→ Work required
Starting with the line that contains "Funko Shop Movies", repeat each line exactly through the final line of the listing. No picture should appear in the copy.
Dataset extract below:
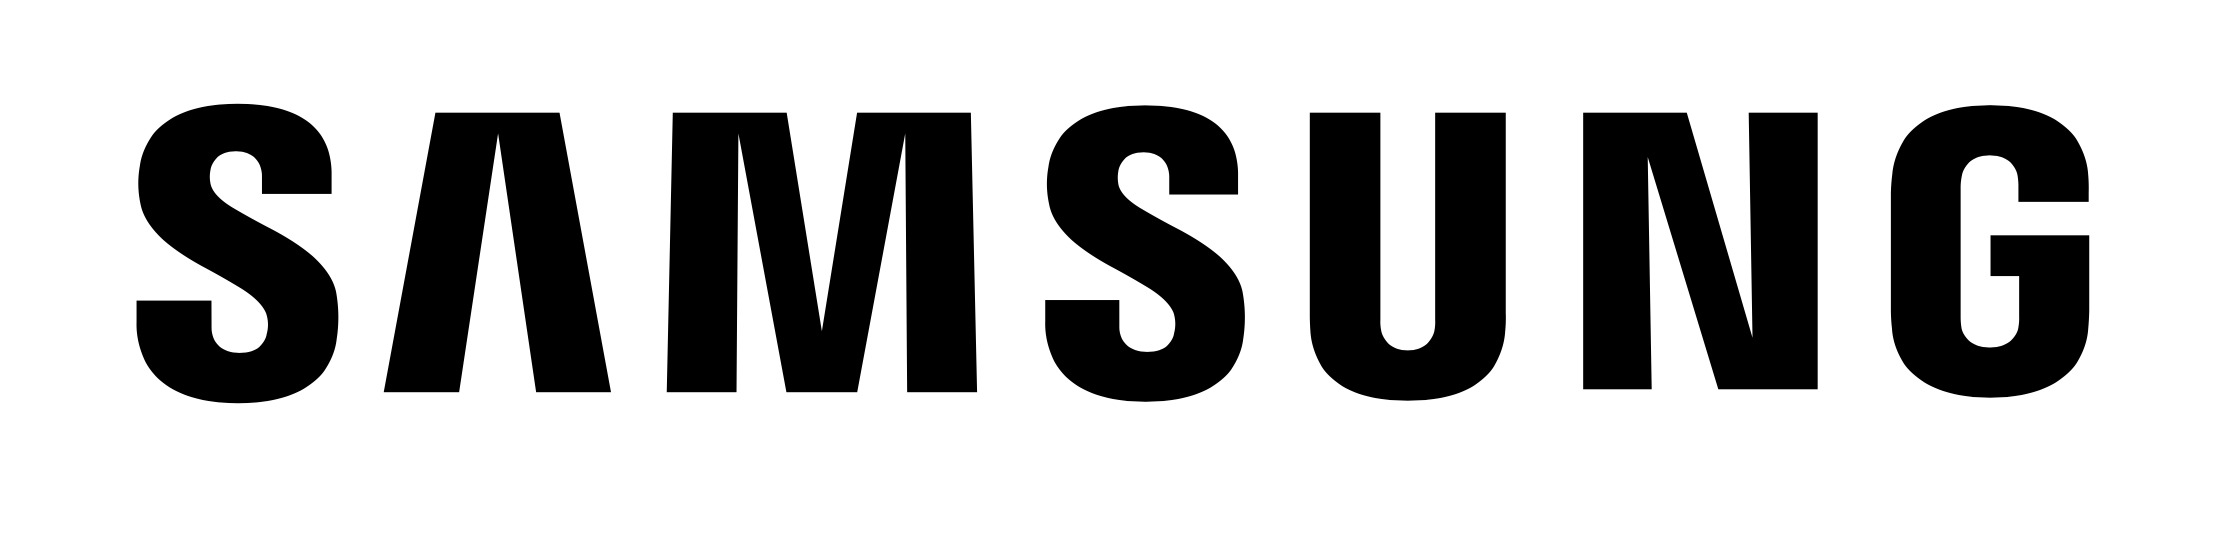 logo SAMSUNG
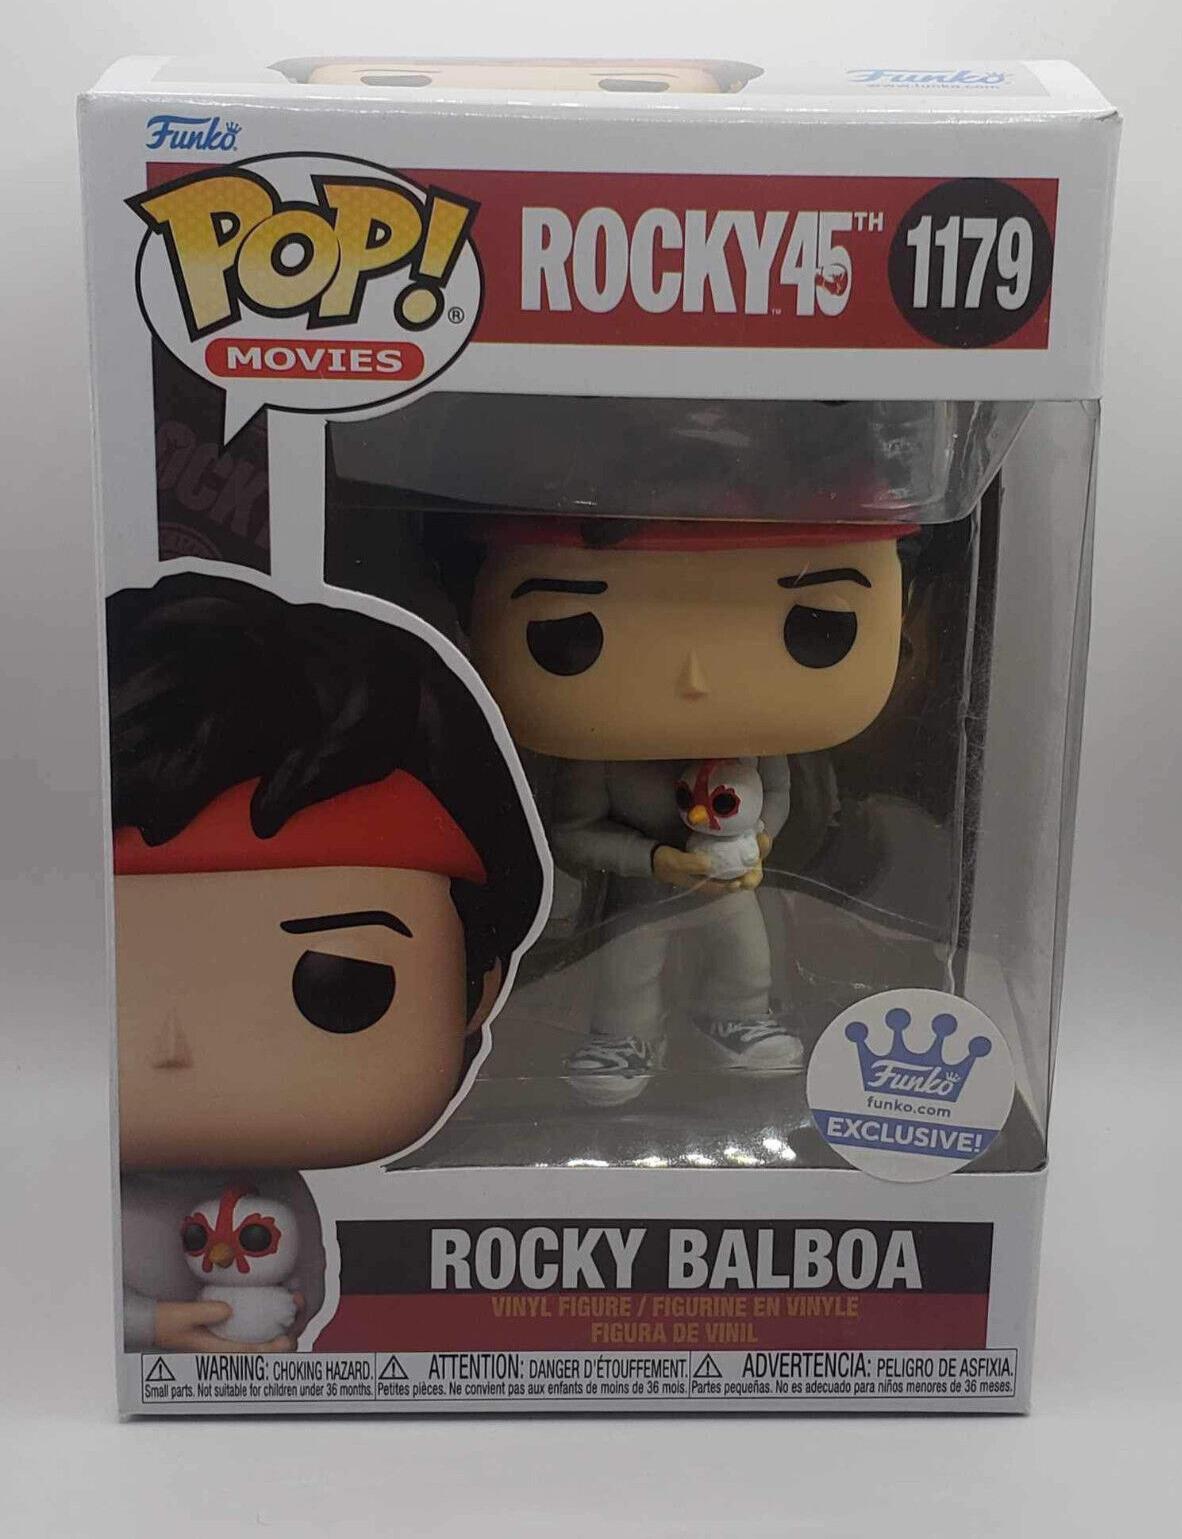 Funko Shop Movies Rocky 45th Rocky Balboa with Chicken Pop #1179
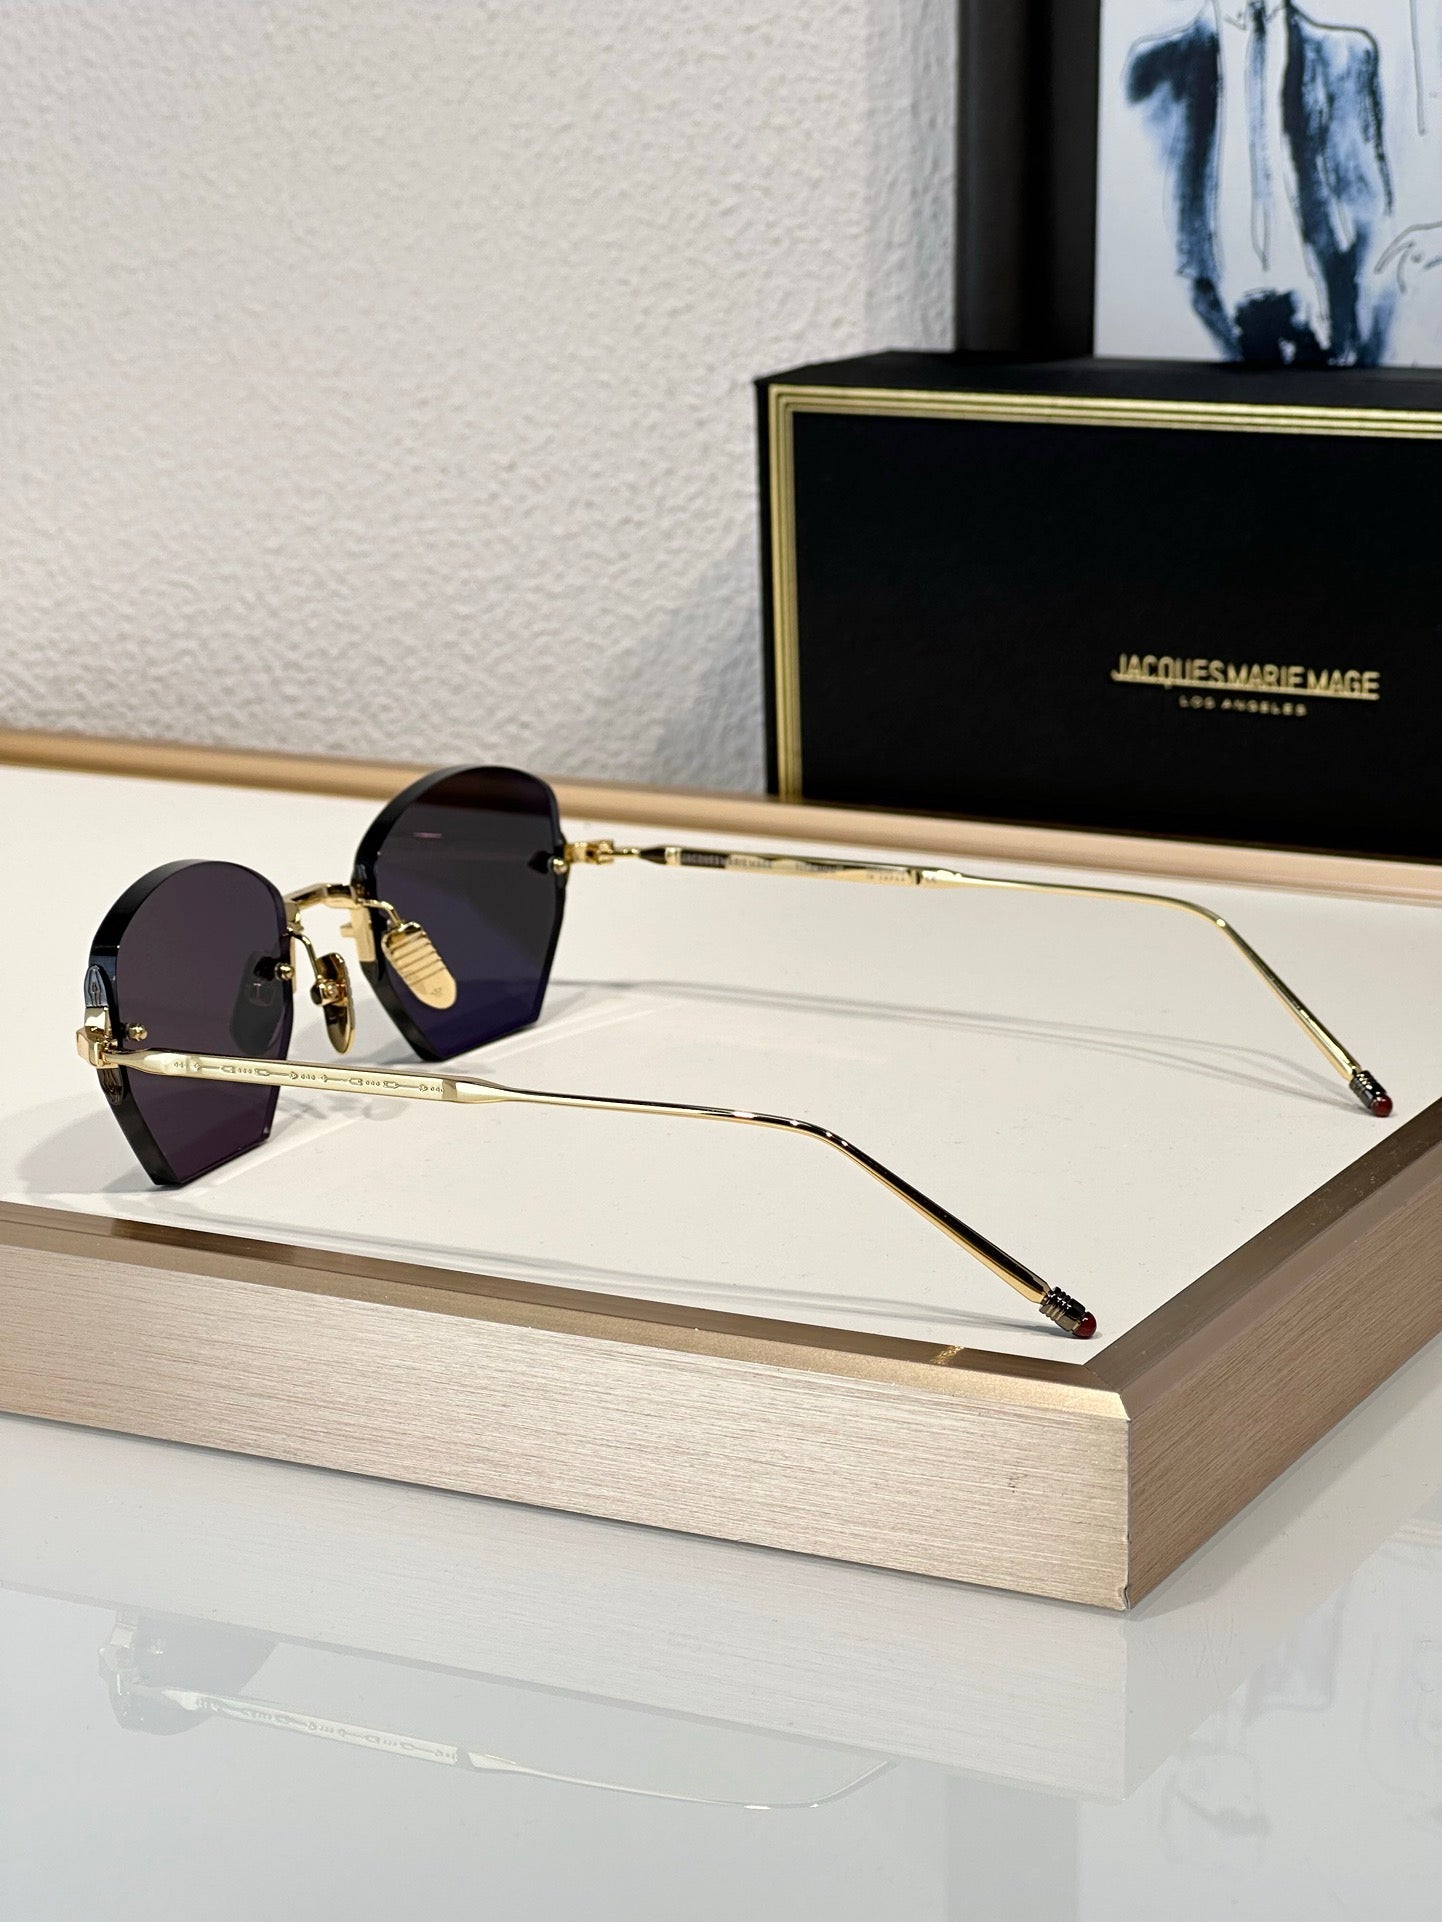 Jacques Marie Mage OATMAN 48mm Lens Sunglasses ✨$1250 - buyonlinebehappy
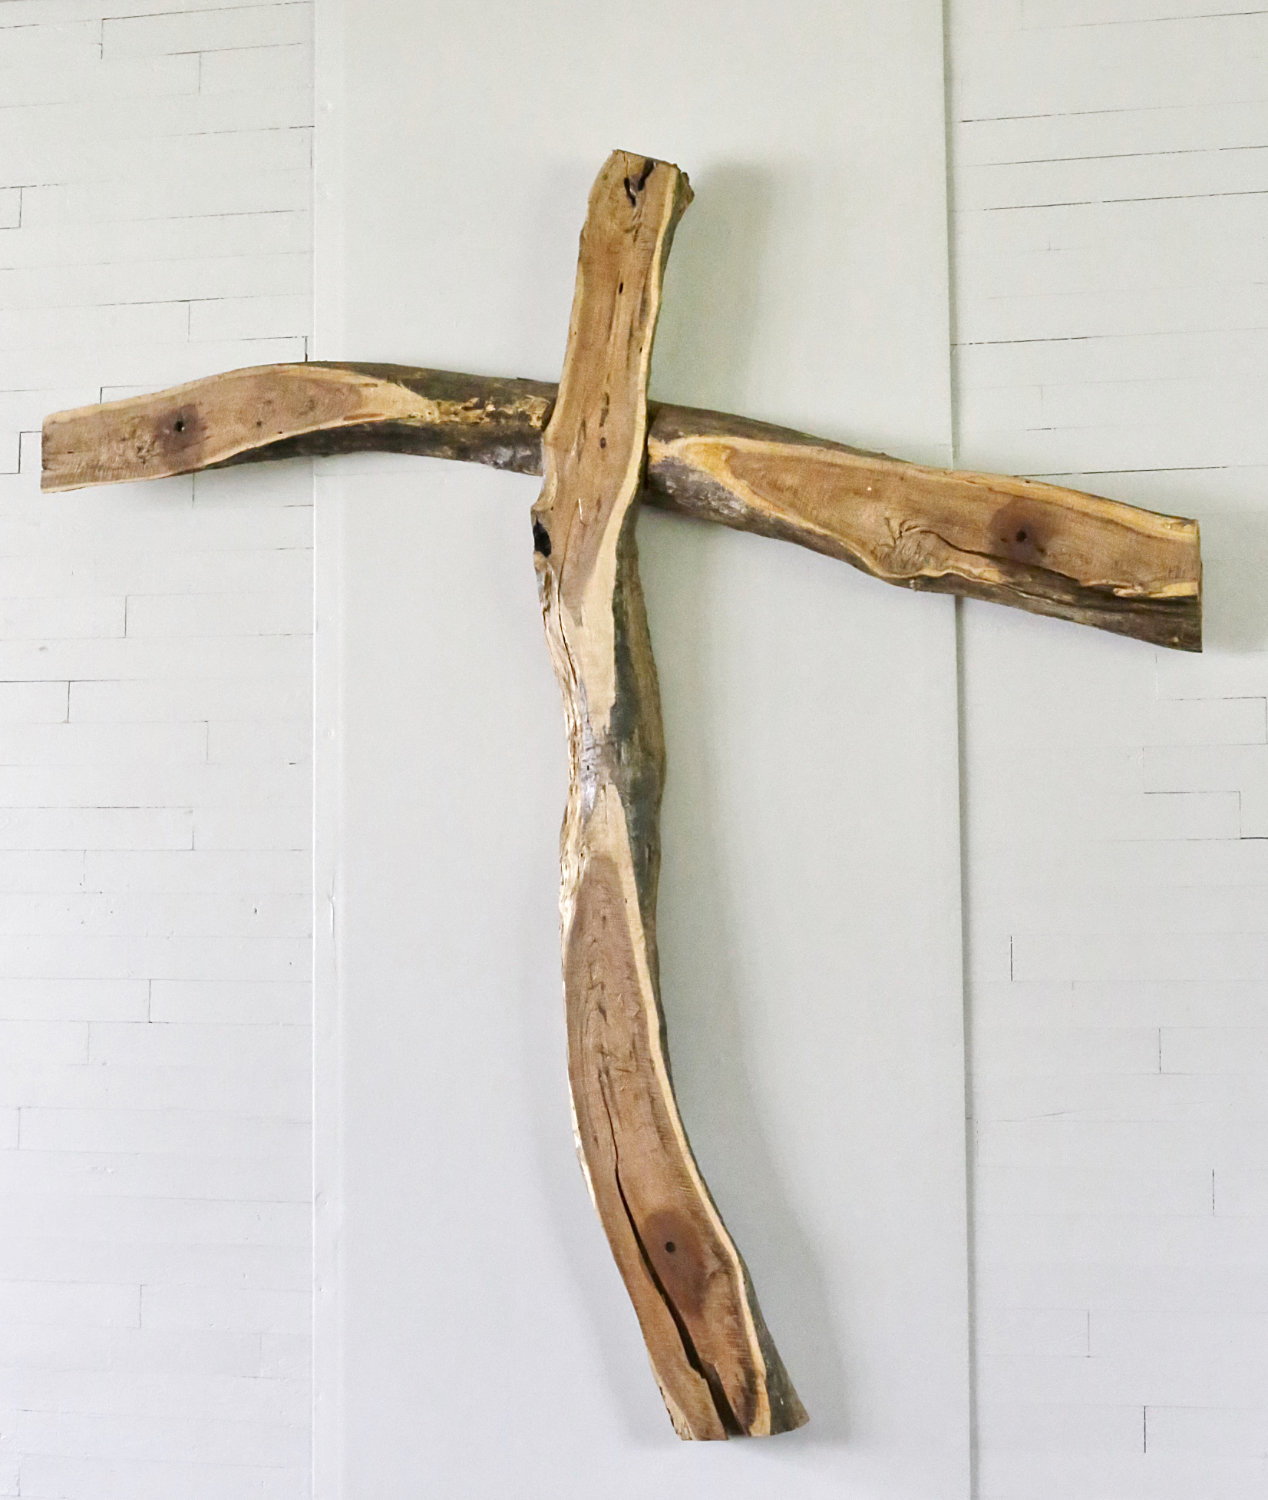 The living cross at Seymore Bible Fellowship
End of Dataset extract.
→ Answer box
 Funko Shop Movies Rocky 45th Rocky Balboa with Chicken Pop #1179
 Jacques Marie Mage OATMAN 48mm Lens Sunglasses ✨$1250 - buyonlinebehappy
 The living cross at Seymore Bible Fellowship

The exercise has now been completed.